Alicorn comments on Cryptographic Boxes for Unfriendly AI - Less Wrong

24 Post author: paulfchristiano 18 December 2010 08:28AM

You are viewing a comment permalink. View the original post to see all comments and the full post content.

Comments (155)

You are viewing a single comment's thread. Show more comments above.

Comment author: DuncanS 19 December 2010 02:44:36PM 10 points [-]

Let's consider a somewhat similar case.

You are an inventor. An evil dictator captures you, and takes you off to a faraway dungeon, where he tells you that he wants you to build him a superweapon. If you refuse to build the weapon, well, he has means of persuading you. If you still refuse, he will kill you.

Of course, when you finish building the doomsday device, your usefulness will be over, and he will probably kill you anyway.

Being a genius, you soon realise that you could build the dictator a doomsday device in about a week, with the materials lying around in your well-equipped dungeon workshop. However, this doesn't seem terribly optimal.

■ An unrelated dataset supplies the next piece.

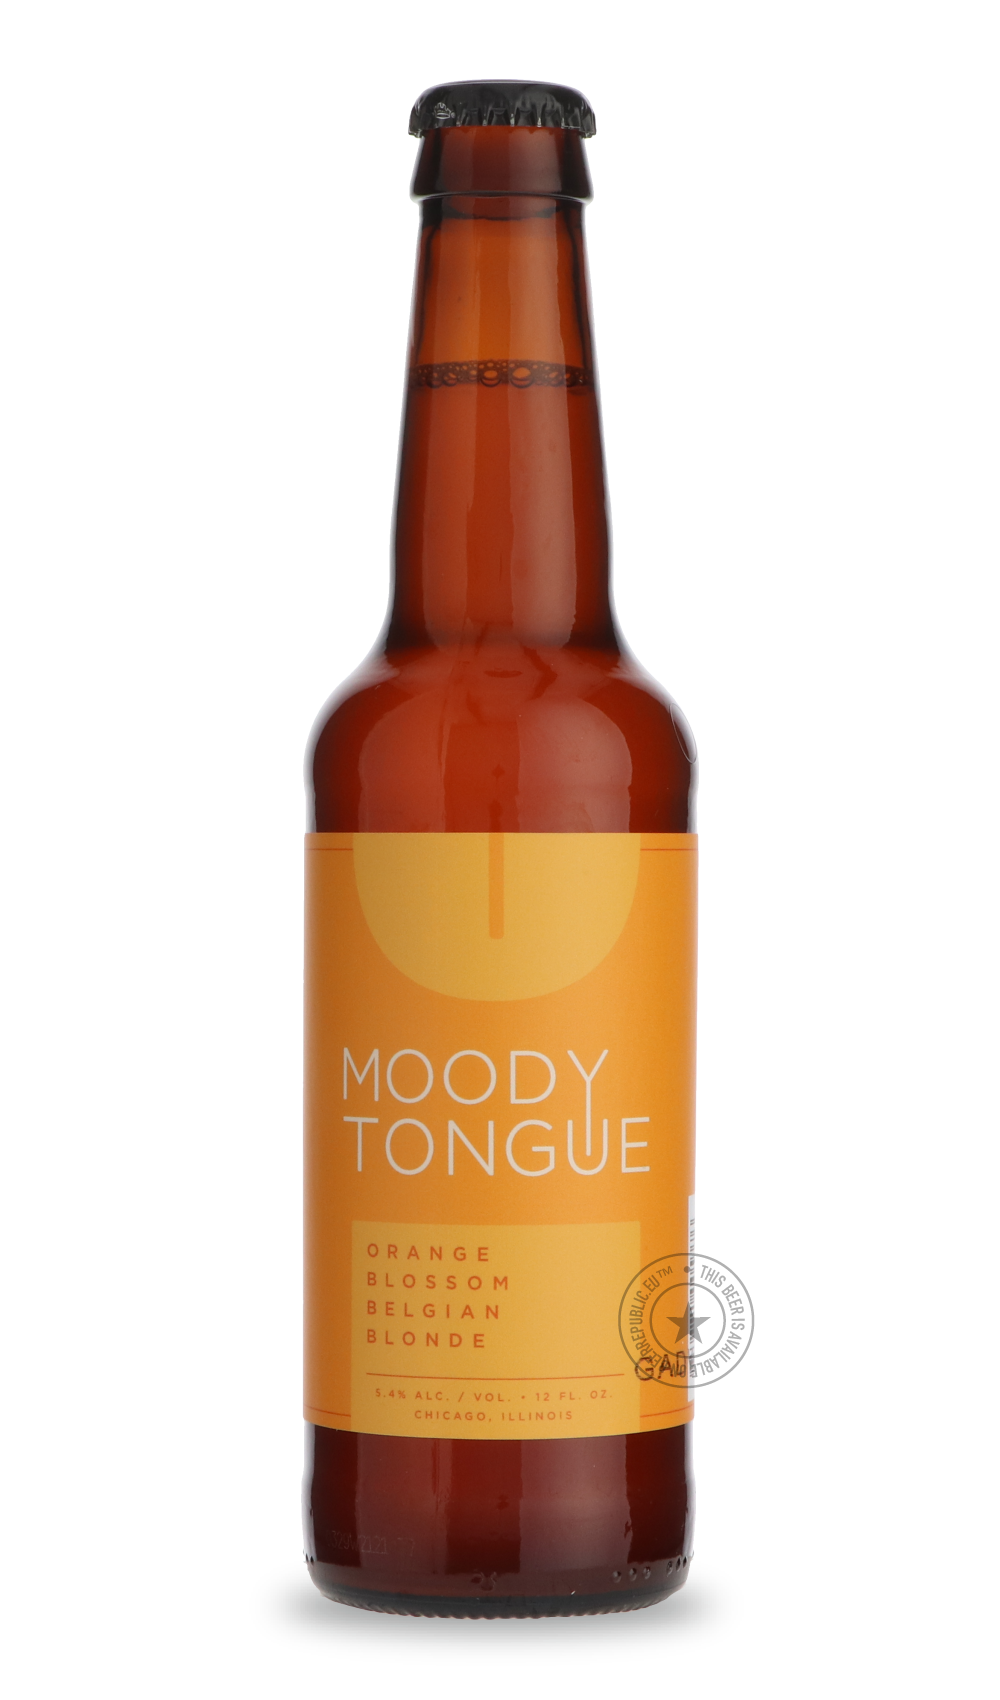 -Moody Tongue- Orange Blossom Belgian Blonde-Pale- Only @ Beer Republic - The best online beer store for American & Canadian craft beer - Buy beer online from the USA and Canada - Bier online kopen - Amerikaans bier kopen - Craft beer store - Craft beer kopen - Amerikanisch bier kaufen - Bier online kaufen - Acheter biere online - IPA - Stout - Porter - New England IPA - Hazy IPA - Imperial Stout - Barrel Aged - Barrel Aged Imperial Stout - Brown - Dark beer - Blond - Blonde - Pilsner - Lager - Wheat - Weiz

What do you do? You agree to build the doomsday device. But you claim it is very difficult. You spend a long time producing impressive prototypes that seem to suggest you're making progress. You claim that you need more resources. You carry on, making just enough apparent progress to stop him from killing you on the spot, but not enough to actually succeed. You build ever more expensive and complex non-working prototypes, hoping that in the course of this, you can either build yourself something suitable for breaking out of the dungeon or killing the evil dictator. Or hoping that perhaps someone will rescue you. At the very least you will have wasted the evil dictator's resources on doing something pointless - you will at least not die for nothing.

I suspect your imprisoned AI may choose to follow a similar course.

Comment author: Alicorn 19 December 2010 03:49:31PM 9 points [-]

Or you build yourself a superweapon that you use to escape, and then go on to shut down your company's weapons division and spend your spare time being a superhero and romancing your assistant and fighting a pitched battle with a disloyal employee.

Comment author: shokwave 19 December 2010 04:26:01PM 9 points [-]

This reply and its parent comment constitute the "Iron Man Argument" against any kind of "put the AI in a box" approach to AGI and friendliness concerns. I predict it will be extremely effective.

Comment author: DanielLC 29 January 2013 01:04:30AM 0 points [-]

That doesn't really work in this situation, since the AI building another AI won't get it out of the box.

It's more like you can only design things, and the evil dictator can tell if it's not really a doomsday device and won't build it.

Also, he's not going to be checking on your progress, so faking it is useless, but it's also unnecessary.